As I await the imminent arrival I was wondering what would be the best pre- FK 1000P paint cleanser you would consider using before application, assuming that paint surface is: clayed, machined and in overall good condition - and the former LSP removed. 

Would an Isopropy alcohol wipe down be sufficient?

From what I can gather, many LSP's seem to work their best when used in association with either a 'same brand' cleaning prep of some sort? Lime Prime Lite with Supernatural, Zaino AIO with Z2/Z5, HD Cleanse with Z waxes etc etc. Or a Glaze such as Chemical Guys EZ under the FK perhaps?

Just curious as I want to get get the best finish possible out of the sample to see if it competes with my beloved :doublesho Zaino ..!


----------



## Puntoboy (Jun 30, 2007)

If anyone could sot me out with a sample of FK1000p that would be super


----------



## VZSS250 (Jan 8, 2008)

Makes you wonder - why don't wax manufacturers make smaller, cheaper pots? Would be great to have a little of everything. Apart from Souveran - I need lots of that .


----------



## Vyker (Sep 17, 2008)

yetizone said:


> I was wondering what would be the best pre- FK 1000P paint cleanser you would consider using before application


One thing I do know is that it wont sit on an oily product like CK VMHG or Megs #7.

SRP however, and its like glue!

A note about the samples, they are ready to go into the mail, forgot its Bank Holiday today, so no mail, will be posted tomorrow - first class.


----------



## Hair Bear (Nov 4, 2007)

waxy said:


> PM me if you would like a sample of either Pink Wax,or #1000p.


YHPM mate :thumb:


----------



## Lump (Nov 6, 2008)

Bence said:


> Kinder Surprise plastic eggs are perfect for storing clay or sending samples.


lip balm pots :thumb:


----------



## yetizone (Jun 25, 2008)

Vyker said:


> One thing I do know is that it wont sit on an oily product like CK VMHG or Megs #7.
> 
> SRP however, and its like glue!
> 
> A note about the samples, they are ready to go into the mail, forgot its Bank Holiday today, so no mail, will be posted tomorrow - first class.

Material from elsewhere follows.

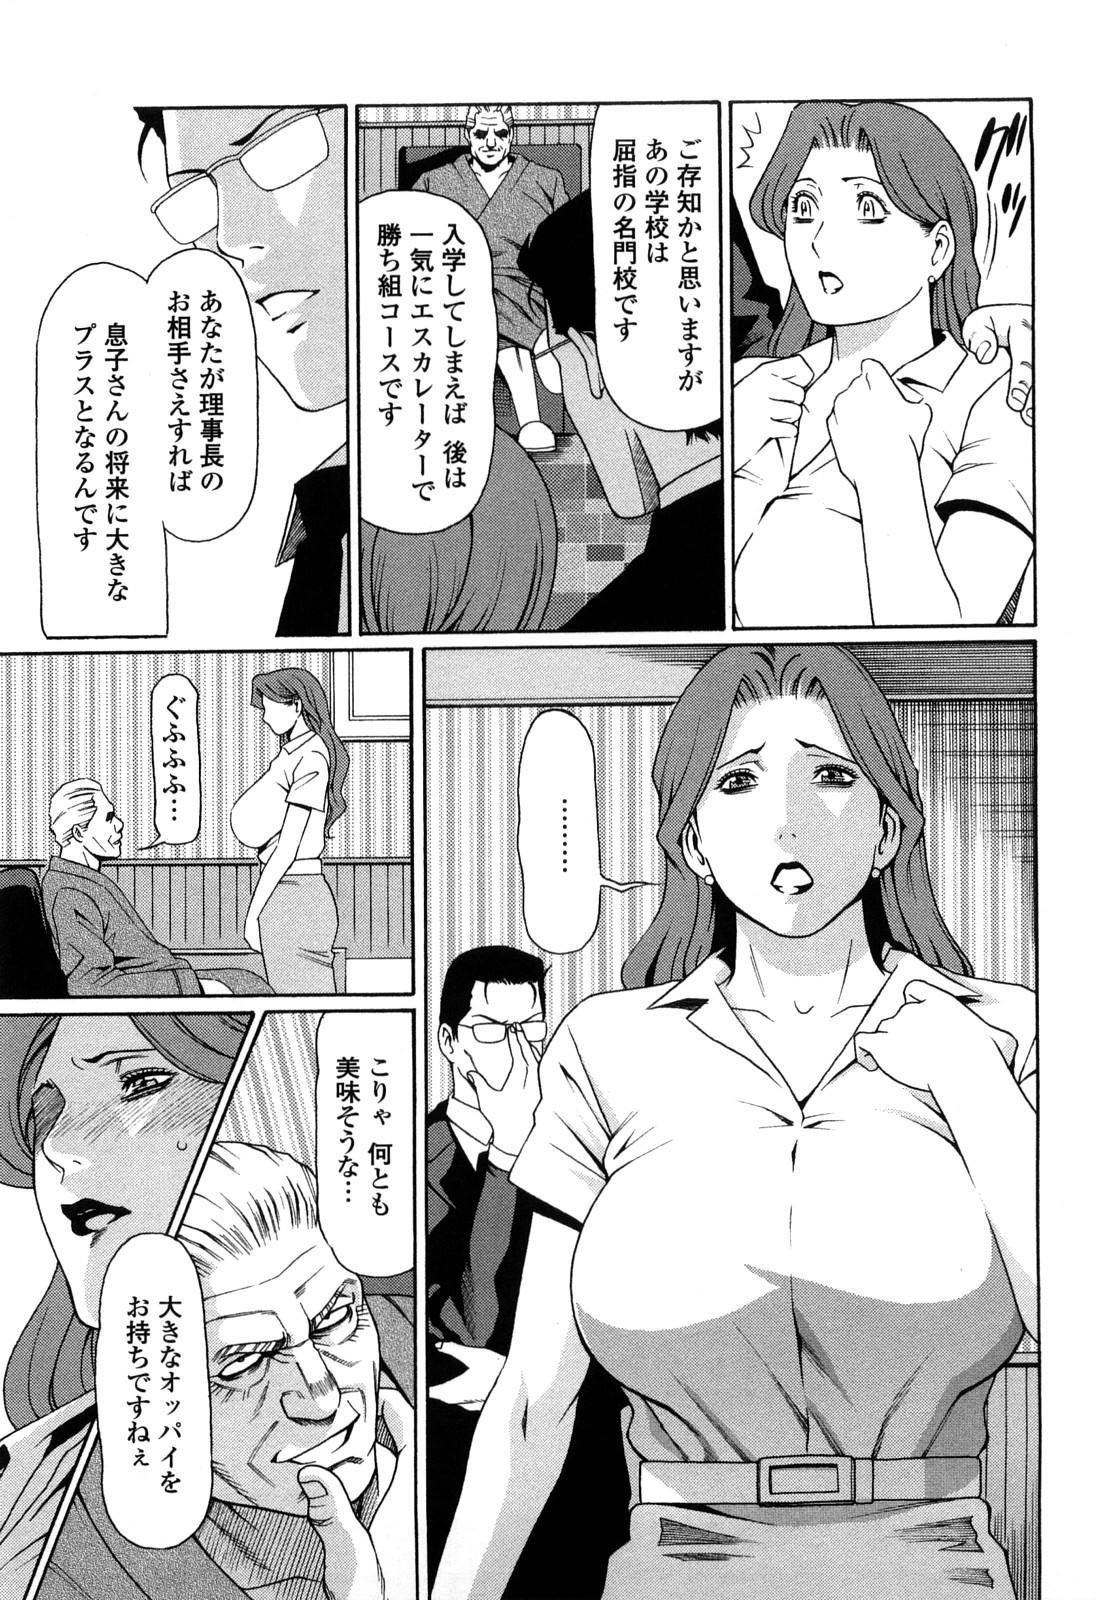 [Takasugi Kou] Kindan no Haha-Ana - Immorality Love-Hole [Decensored] 92
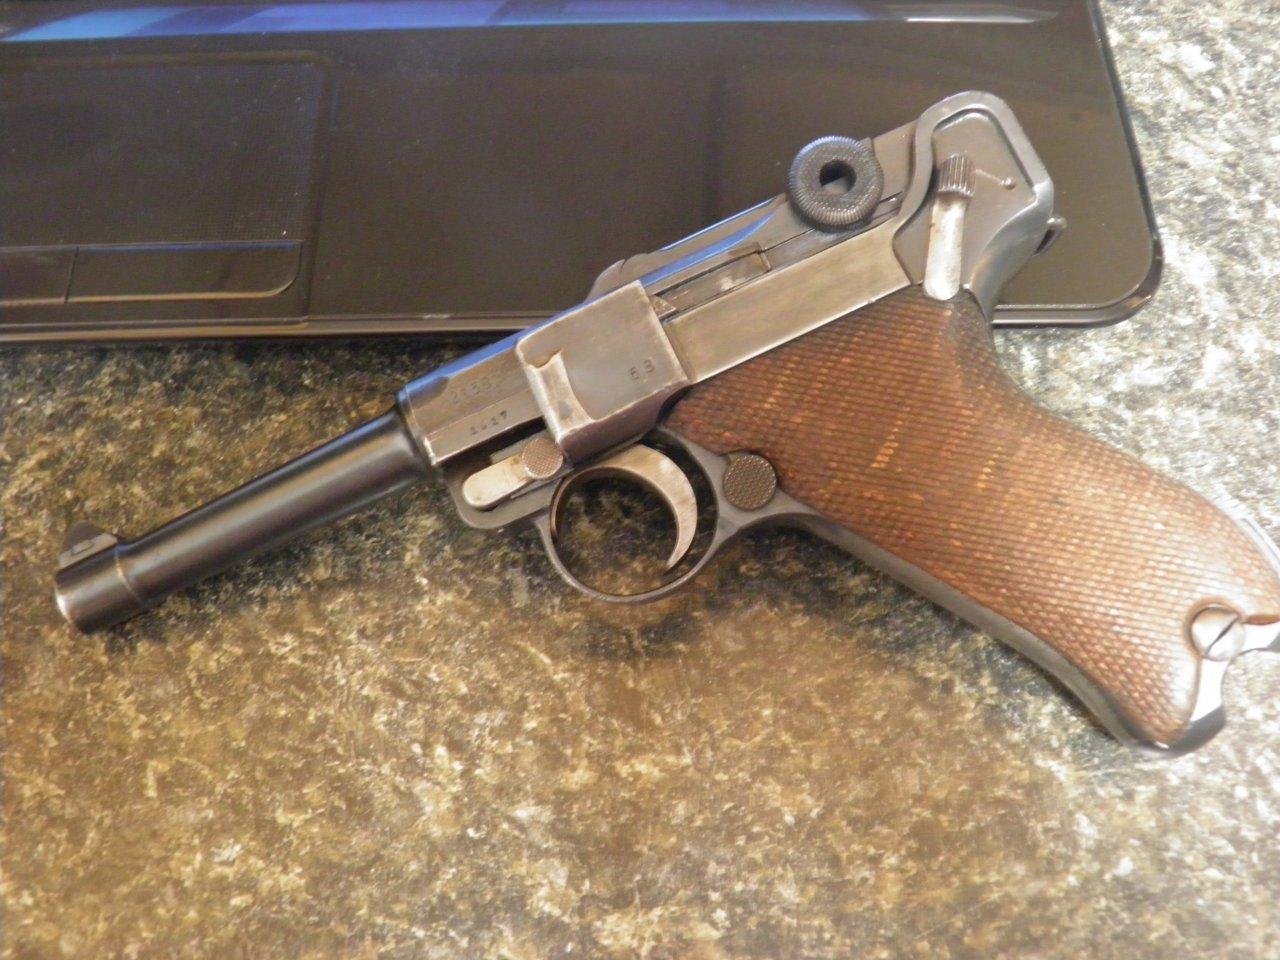 1917/1918 DWM Luger | Gun Values Board

Just out of curiosity - what is CK VMHG..?


----------



## Vyker (Sep 17, 2008)

Clearkote Vanilla Moose Wax Hand Glaze


----------



## yetizone (Jun 25, 2008)

Vyker said:


> Clearkote Vanilla Moose Wax Hand Glaze


Ah - I see - thanks :thumb:


----------



## yetizone (Jun 25, 2008)

Arrived this morning - thanks Vyker.

Love the petroleum based smell - hopefully I may be able to give it a try tomorrow afternoon...!


----------



## Vyker (Sep 17, 2008)

You're welcome yetizone 

Just dont sniff it for a long while like i had when i was packing up those cases :lol:

Let us know how you get on with it.


----------



## Warzie8 (Sep 11, 2008)

Are there anymore samples going? I'd be most grateful! I'm a bit fed up with Collinite 476s as it's so hard to apply at times.


----------



## Adam Moran (Mar 8, 2009)

Just got my sample, whats the consitancy supposed to be like?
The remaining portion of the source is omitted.